── Supplied material
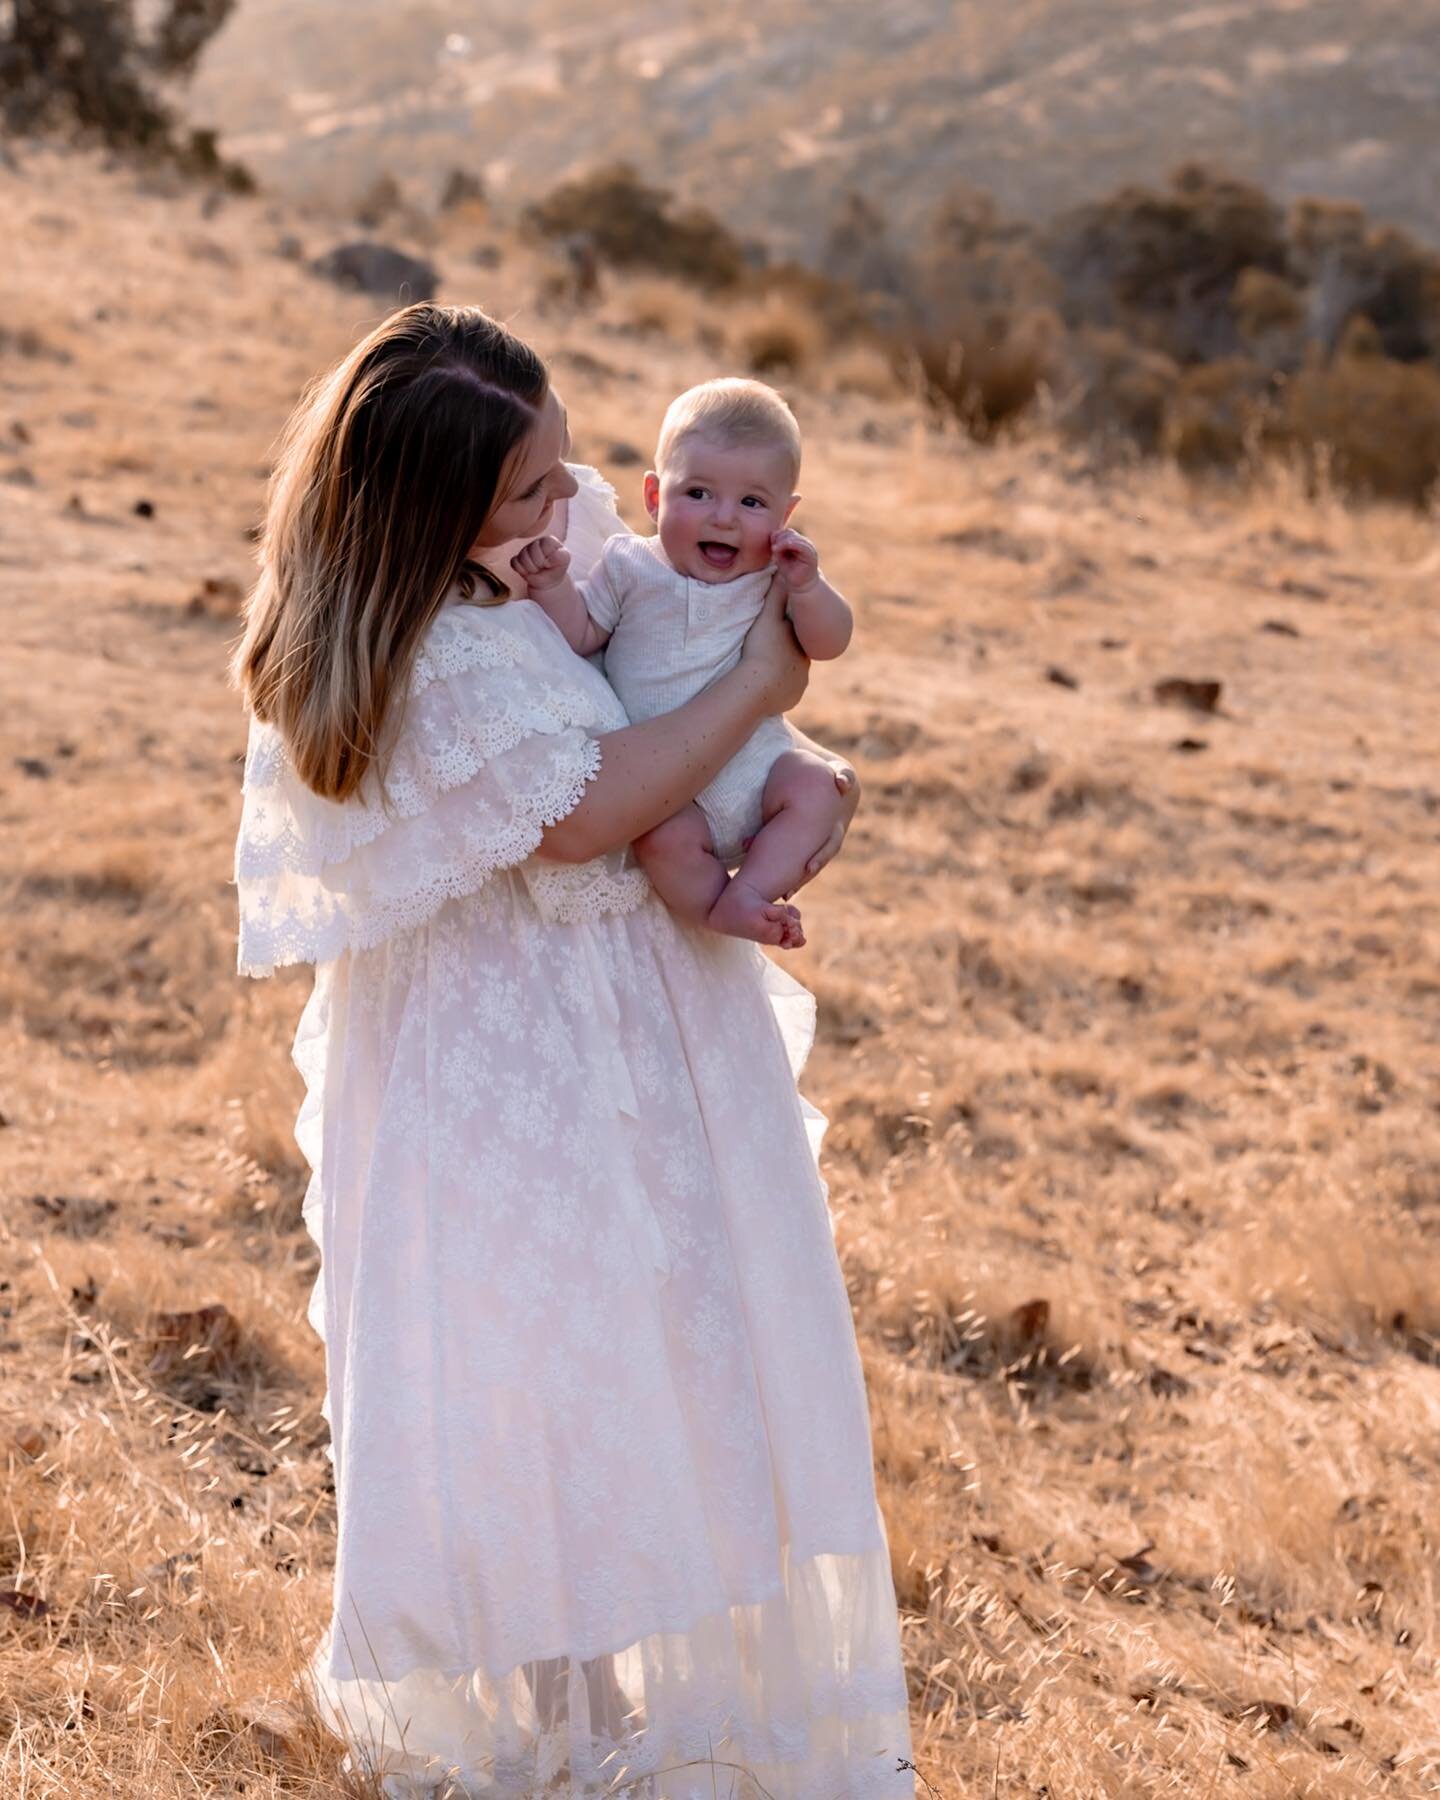 Capturing the raw beauty of motherhood amidst nature&rsquo;s rugged embrace. Every frame tells a story of love, strength, and the extraordinary journey of motherhood. 📷✨ #motherhoodthroughmylens 

Image&amp;editing: @katemcallister_photography 
Styl
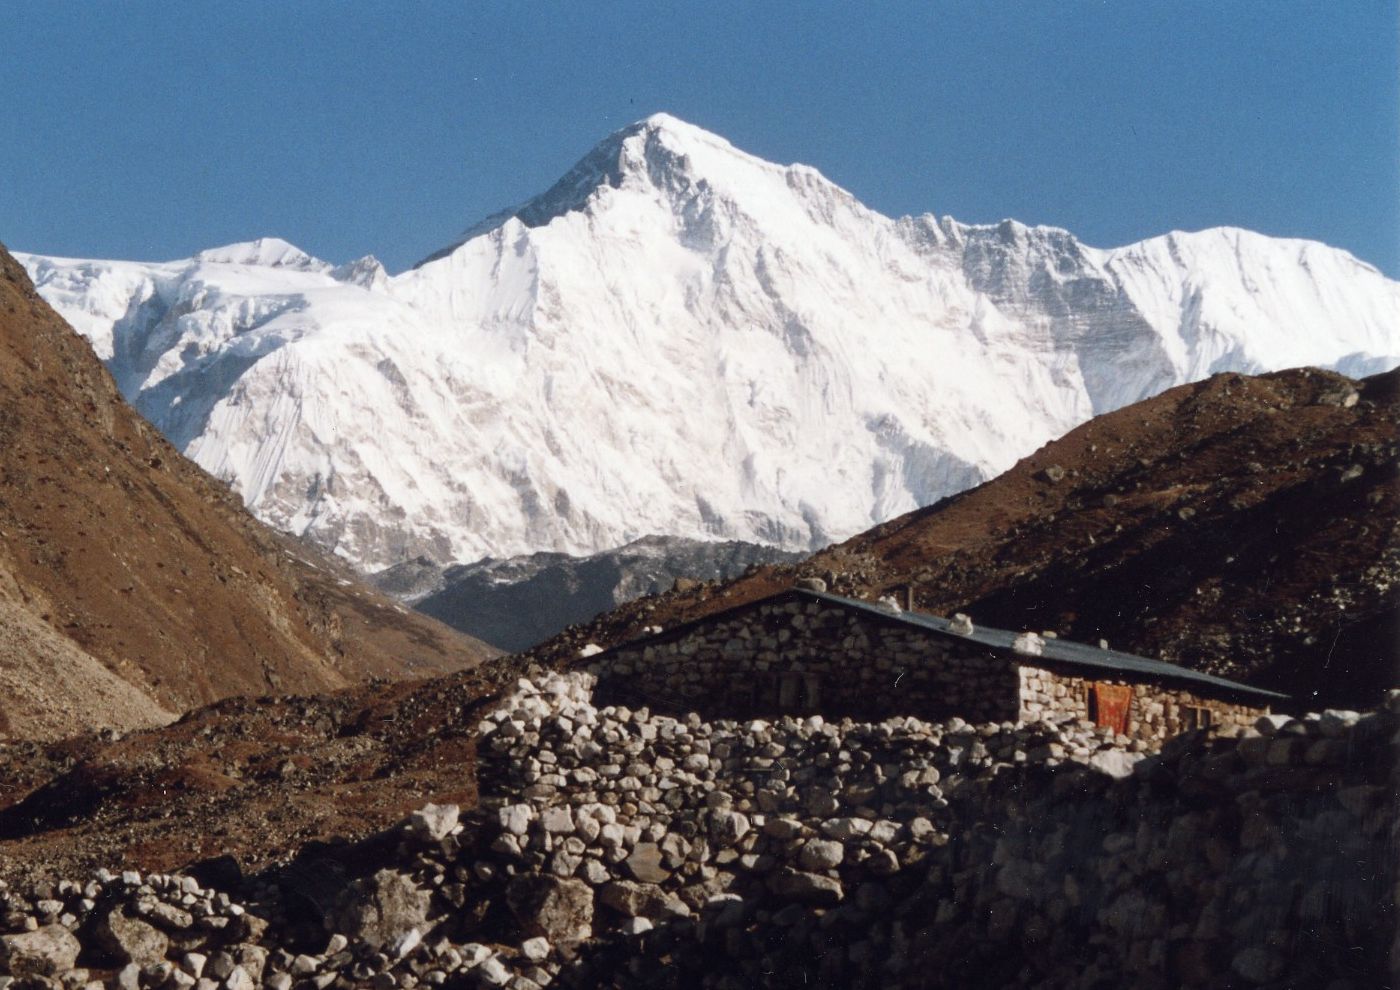 Cho Oyu, the sixth highest peak on Earth at 26,906 ft.
────
**Try it**
An exact retyping of the material, minus the pictures, is the required answer.

**Your solution**
 Capturing the raw beauty of motherhood amidst nature&rsquo;s rugged embrace. Every frame tells a story of love, strength, and the extraordinary journey of motherhood. 📷✨ #motherhoodthroughmylens 

Image&amp;editing: @katemcallister_photography 
Styl
 Cho Oyu, the sixth highest peak on Earth at 26,906 ft.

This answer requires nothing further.